Institutional investors may adopt severe steps after LendingClub Corporation’s (NYSE:LC) latest 6.2% drop adds to a year losses
Important Findings
- Significantly high institutional ownership implies that LendingClub’s stock price is sensitive to their trading activity
- 51% of the company is held by the 13 largest shareholders
- Owner research along with forecast data from analysts help better understand a stock’s opportunities
Every LendingClub Corporation (NYSE:LC) investor should be aware of the most powerful shareholder groups. The group with the most shares in the company, around 78%, are institutions. That is, the group will benefit most when the stock goes up (or lose most when it goes down).

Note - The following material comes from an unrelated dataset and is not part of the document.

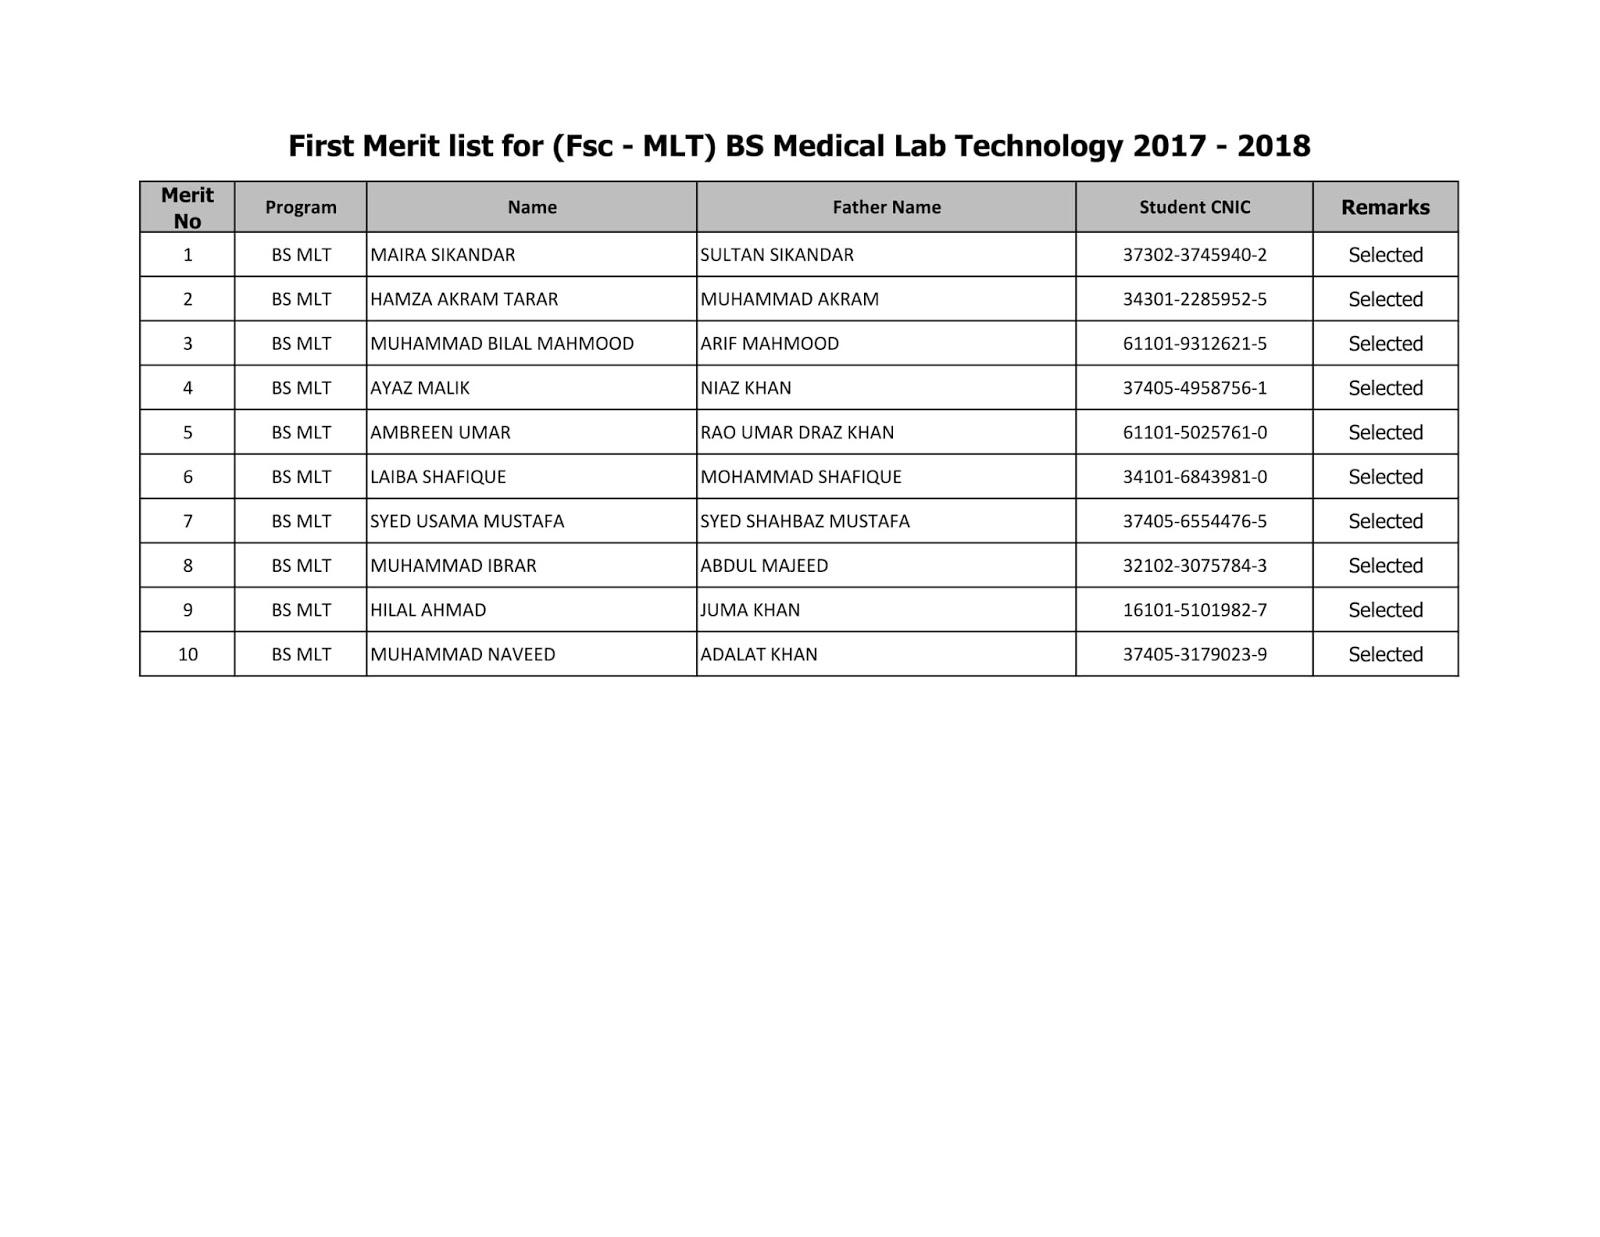 NUMS Merit List 2018(MLT & Cardiac Perfusion) | MDCAT Guide

And institutional investors suffered the heaviest losses after the company’s share price fell 6.2% last week. Needless to say, the recent loss, which further adds to shareholders’ 43% one-year loss, may not go down well with this particular category of shareholders. Institutions, often referred to as “market makers,” wield significant power in influencing the price momentum of any stock. Therefore, should LendingClub’s share price continue to be weak, institutional investors may feel compelled to sell the stock, which may not be ideal for retail investors.

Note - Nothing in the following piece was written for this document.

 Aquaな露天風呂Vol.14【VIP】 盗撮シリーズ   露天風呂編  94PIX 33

Let’s dive deeper into each LendingClub owner type, starting with the table below.
Check out our latest analysis for LendingClub
What Does Institutional Ownership Tell Us About LendingClub?
Many institutions measure their performance against an index that approximates the local market. As a result, they tend to pay more attention to companies that are included in major indices.
LendingClub already has institutions on the share register. In fact, they own a respectable stake in the company. This suggests some credibility among professional investors. But we can’t rely on that alone, as institutions sometimes make bad investments, just like everyone else. If several institutes change their opinion on a stock at the same time, the share price could fall quickly. It is therefore worth checking out LendingClub’s winning history below. Of course, what really matters is the future.
Investors should note that institutions actually own more than half of the company, so collectively they can wield significant power. Our data shows that hedge funds own 5.5% of LendingClub. This catches my attention because hedge funds sometimes try to influence management or enact changes that create value for shareholders in the short term. Vanguard Group, Inc. is currently the company’s largest shareholder with 13% of outstanding shares. BlackRock, Inc. and Jackson Square Partners, LLC are the second and third largest shareholders with 7.7% and 7.4% of the outstanding shares, respectively. Additionally, we found that Scott Sanborn, the CEO, has allocated 1.1% of the stock to his name.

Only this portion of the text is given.